Dopaminergic responses in the Fischer 344 rat heart: preserved chronotropic and dromotropic responses with aging.

BACKGROUND: Marked decreases in cardiac responses to beta-adrenergic stimuli have been found in cellular, animal, and human models of physiologic aging. As another probe of receptor-regulated cardiovascular changes with aging, responses to dopamine were studied. Responses were studied with and without depletion of myocardial catecholamines to eliminate effects secondary to myocardial catecholamine release. METHODS: Responses of heart rate (A-A intervals), atrioventricular conduction (AV intervals and AV Wenckebach block cycle length) to 0-50 microM dopamine were studied in Langendorff perfused hearts from 10 mature (6.2 +/- 0.8 mo, mean +/- SD) and 9 senescent (23.6 +/- 0.7 mo) Fischer 344 rats and in hearts from 10 mature (5.3 +/- 0.4 mo) and 8 senescent (23.9 +/- 0.8) Fischer 344 rats after myocardial catecholamine depletion by reserpine (0.25 mg/kg i.p. x 5 days).
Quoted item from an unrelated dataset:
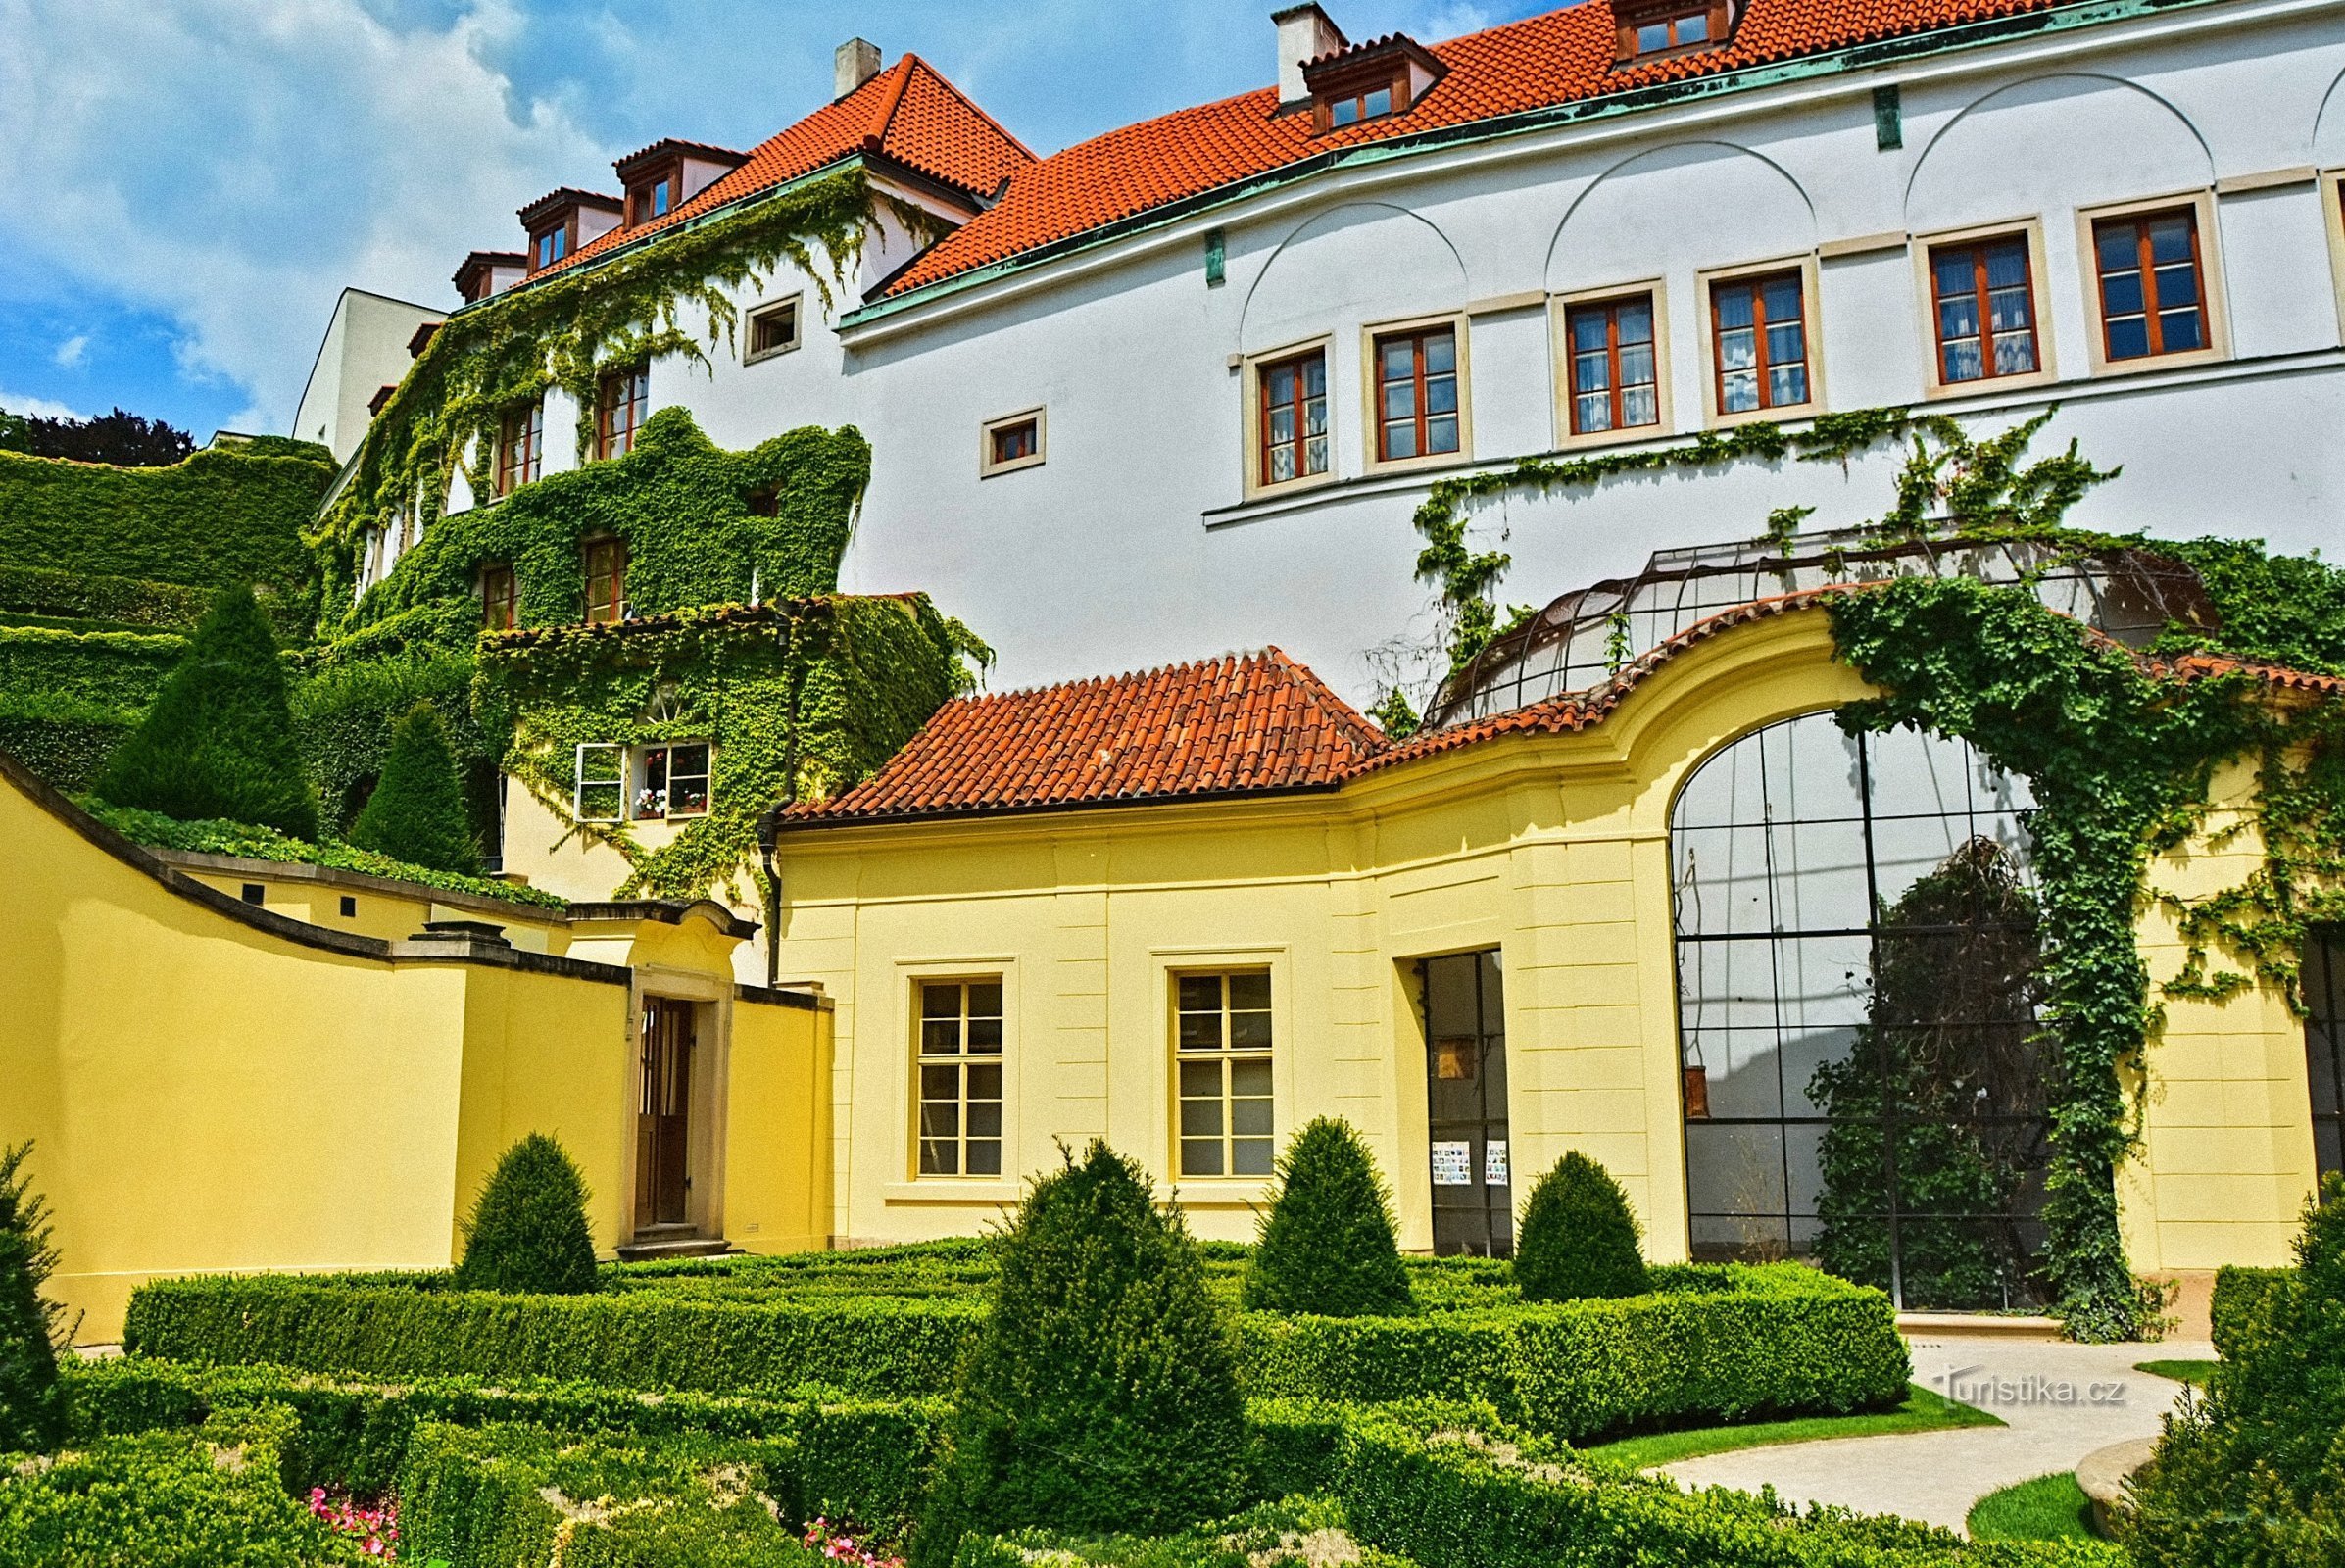 Jardin Vrtbovská avec une belle vue sur Prague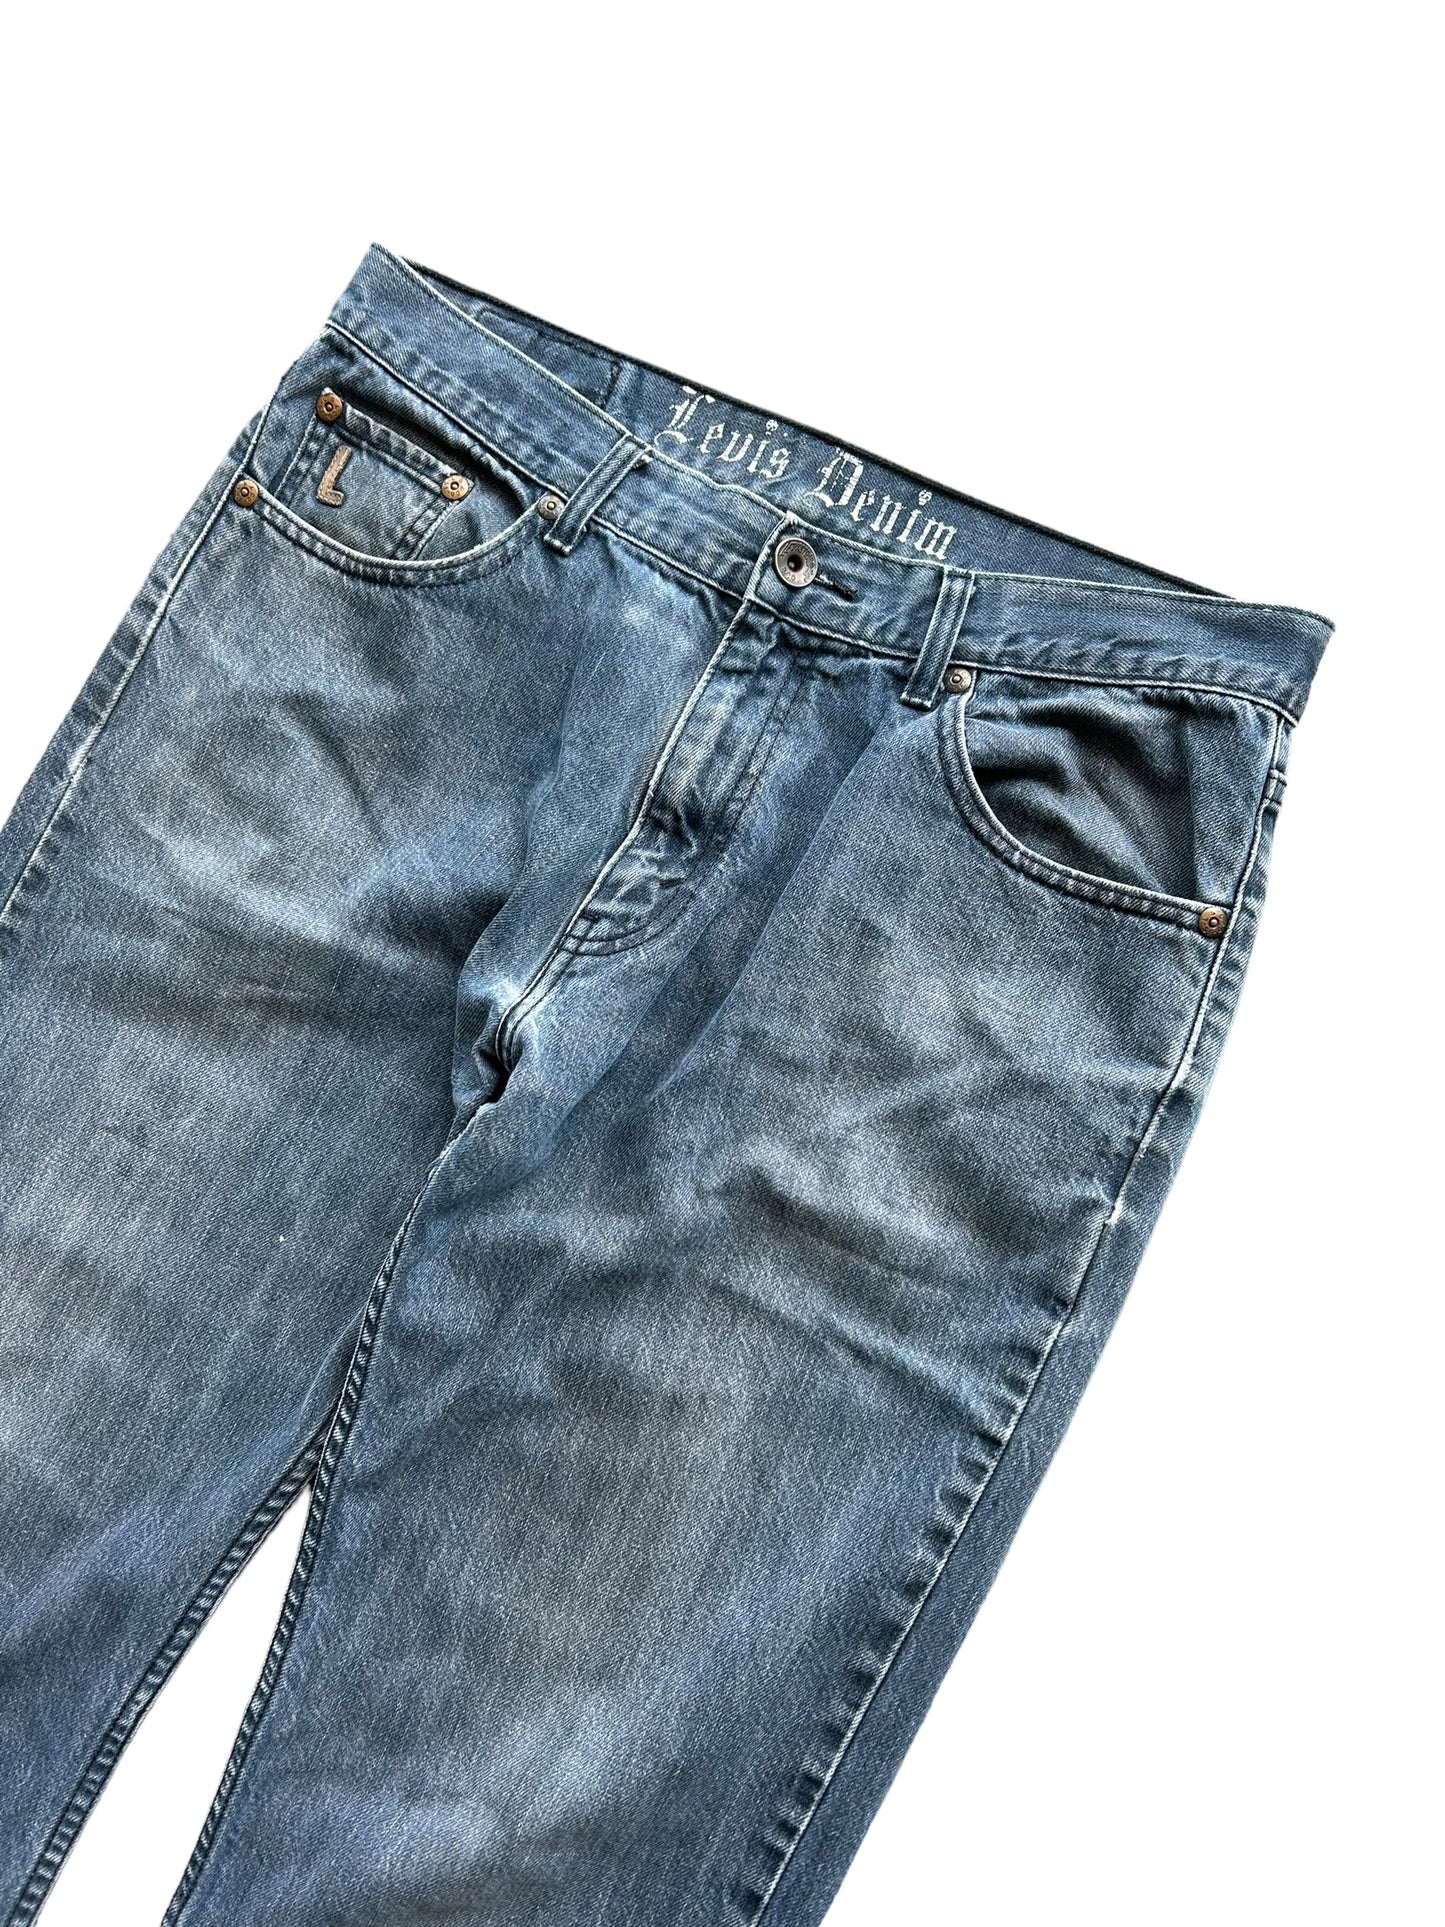 Vintage Levis 503 Denim Jeans

RESULTS: Dopamine decreased A-A (p < .0001) and AV conduction intervals (p < .0001) and increased peak developed pressure (p < .0001) and dP/dt (p < .001) in hearts from nonreserpine treated mature and senescent rats. Greater decreases in A-A intervals and AV conduction were seen in senescent compared to mature hearts (p < .0001). Contractile responses were greater in mature hearts (p < .001). After reserpine, A-A interval and paced AV conduction dose vs response relationships shifted rightward (p < .0001), but peak responses and age-related differences in responses were not significantly affected. In contrast, increases in peak developed pressure were greatly reduced in mature hearts (p < .0001) and age-related differences in contractile responses to dopamine were eliminated in hearts from reserpine-treated rats. CONCLUSIONS: (a) A-A interval and AV conduction responses to dopamine were greater in senescent hearts even after catecholamine depletion, suggesting age-related differences in sinus and AV nodal responses to direct dopaminergic stimuli exist. (b) Age-related differences in contractile responses to dopamine were eliminated by reserpine suggesting basal age-related differences in response were secondary to age-related differences in responses to myocardial catecholamine release.